Figures in brackets refer to the outcome for the corresponding period in the preceding year for figures related to the income statement and cash flow. For figures related to the financial position and personnel, figures in brackets refer to the corresponding period in 2024.

Unless stated otherwise, all amounts are in SEK thousand (KSEK).

All amounts stated are rounded, which may mean that some totals do not tally exactly.

Consolidated Income statement

All amounts KSEK unless specified Note	2025 Jan-Mar	2024 Jan-Mar	2024 Jan-Dec
Operating income
Net sales 5	-	6,977	57,767
Other operating income 5	5,178	508	1,945
Total operating income	5,178	7,486	59,712
Operating costs
Other external costs	-26,943	-43,026	-167,207
Personnel costs	-19,321	-20,979	-70,428
Depreciation and impairment of tangible assets and intangible assets	-1,119	-2,526	-48,729
Other operatings expenses	-1,462	-591	-2,489
Total operating costs	-48,845	-67,122	-288,853
Operating profit/loss	-43,667	-59,636	-229,141
Financial items
Interest income and similar income statement items	49,106	506	15,594
Interest expense and similar income statement items	-13,786	-3,621	-20,343
Net financial items	35,320	-3,115	-4,749
Profit/loss before tax	-8,347	-62,752	-233,890
Tax on profit for the period	-	-	-
Profit for the period attributable to Parent Company shareholders	-8,347	-62,752	-233,890
Earnings per share
Earnings per share before and after dilution, SEK	-1,11	-95,37	-318,53

Net Sales

The collaboration agreement with Orion Corporation ended during 2024, which means that the Group has no net sales during the first quarter.

Other operating income

Other operating income for the quarter comprises primarily of income related to the sale of tangible assets, government grants and operational exchange gains.

Operating costs

Operating costs are lower compared to the same period previous year and are mainly due to lower costs in mitazalimab OPTIMIZE-1 study that had its peak patient recruitment last year. External costs for mitazalimab amounted to SEK 21,854 thousand (23,799) during the first quarter of the year. These costs are driven by Phase 3-enabling activities, e.g. production of study material and costs for the ongoing OPTIMIZE-1 study.

Financial items

Financial income relates to fair value adjustment of the financial debt relating to the warrant series TO 12 and TO 13, which were part of the rights issue of units in February 2025. TO 12 and TO 13 were issued free of charge.

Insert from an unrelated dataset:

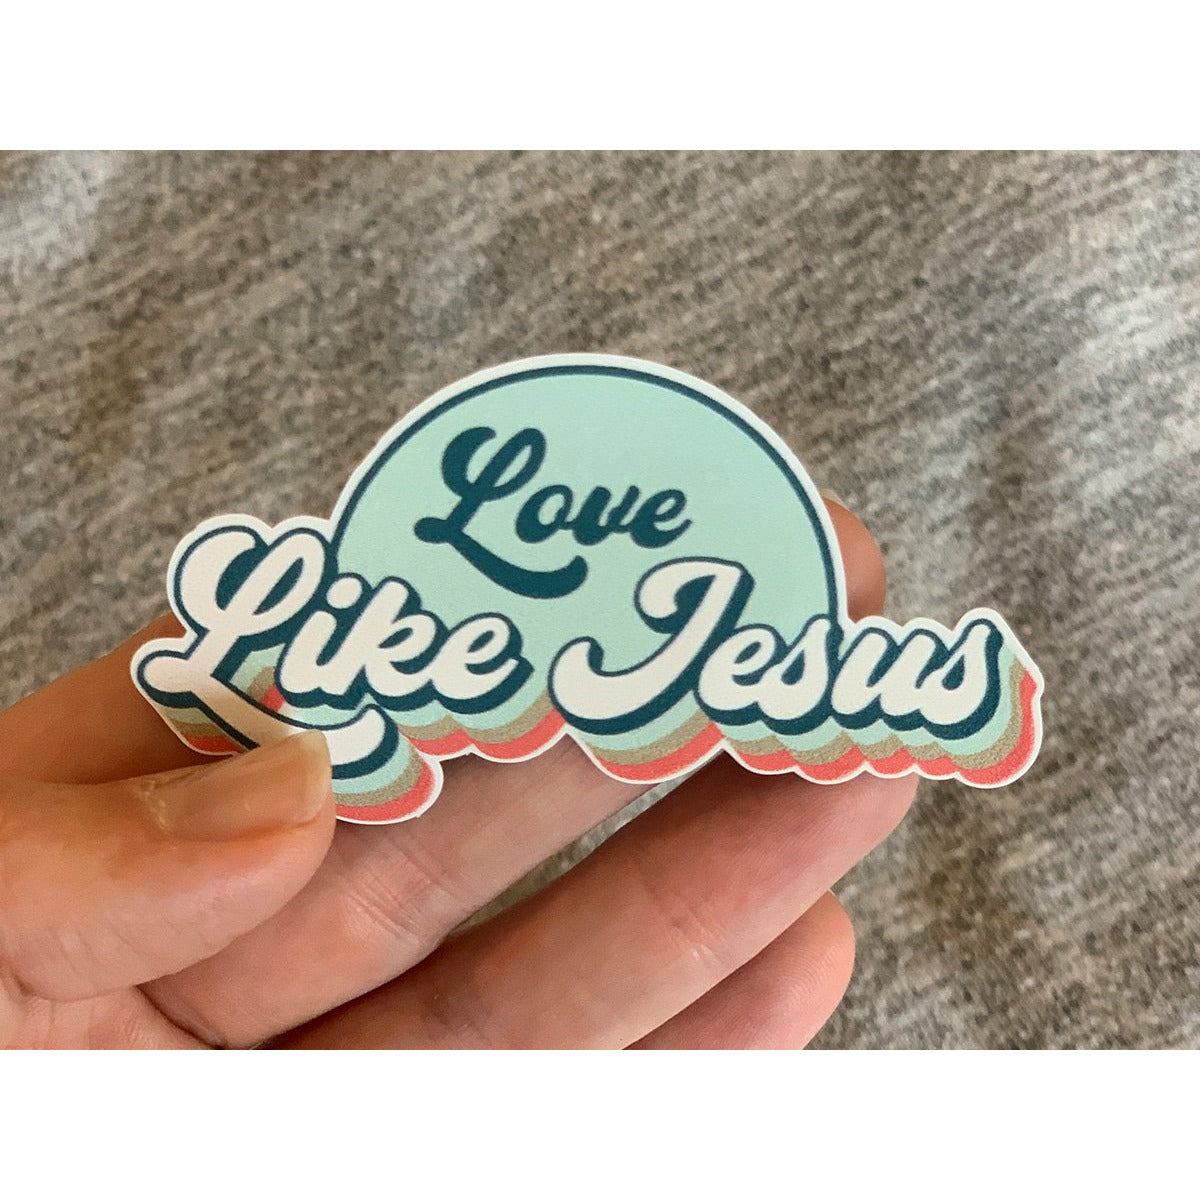 Christian Jesus Love Stickers Pack Wholesale sticker Vinyl Decals

Financial expenses include primarily interest expenses and amortized cost related to external short-term loans.

Consolidated Statement of comprehensive income

All amounts KSEK	2025	2024	2024
Note	Jan-Mar	Jan-Mar	Jan-Dec
Profit/loss for the period	-8,347	-62,752	-233,890
Other comprehensive income	-	-	-
Comprehensive income for the period	-8,347	-62,752	-233,890

Consolidated statement of financial position

All amounts in KSEK	Note	2025-03-31	2024-03-31	2024-12-31
ASSETS
Fixed assets
Intangible assets
Participations in development projects	3	27,865	17,949	27,865
Softwares		-	10	-
Tangible assets
Right of use assets		2,376	15,343	1,267
Equipment, machinery and computers		334	2,449	1,754
Financial assets
Other long term financial fixed assets	6	1,942	2,063	2,056
Total fixed assets		32,517	37,813	32,942
Current assets
Current receivables
Accounts receivable	6	60	756	518
Other receivables	6	3,849	4,246	3,842
Prepayments and accrued income		3,522	4,939	2,726
Cash and cash equivalents	6	28,853	40,022	64,310
Total current assets		36,284	49,963	71,396
TOTAL ASSETS		68,801	87,776	104,338

ASSETS

Participations in development projects

The Group's participations in development projects refers to cooperation with the South Korean company AbClon Inc. for the Biosynergy project (HLX22). Biosynergy is outlicensed to the Chinese company Shanghai Henlius, which is now further developing the drug candidate. At the end of the period, participations in development projects amounted to SEK 27,865 thousand (17,949). Significant estimates and judgments are described in Note 3 and Note 18 of the Annual report for 2024. Regarding the acquired participation in development project, the conditions for the project have improved and the probability that the drug candidate will achieve milestones and incur royalties have increased. Part of the previous impairment was thus reversed during 2024.

Right of use assets

At the end of the period, right of use assets amounted to SEK 2,376 thousand (15,343). Right of use assets pertain to leases for offices and laboratories, machines and vehicles.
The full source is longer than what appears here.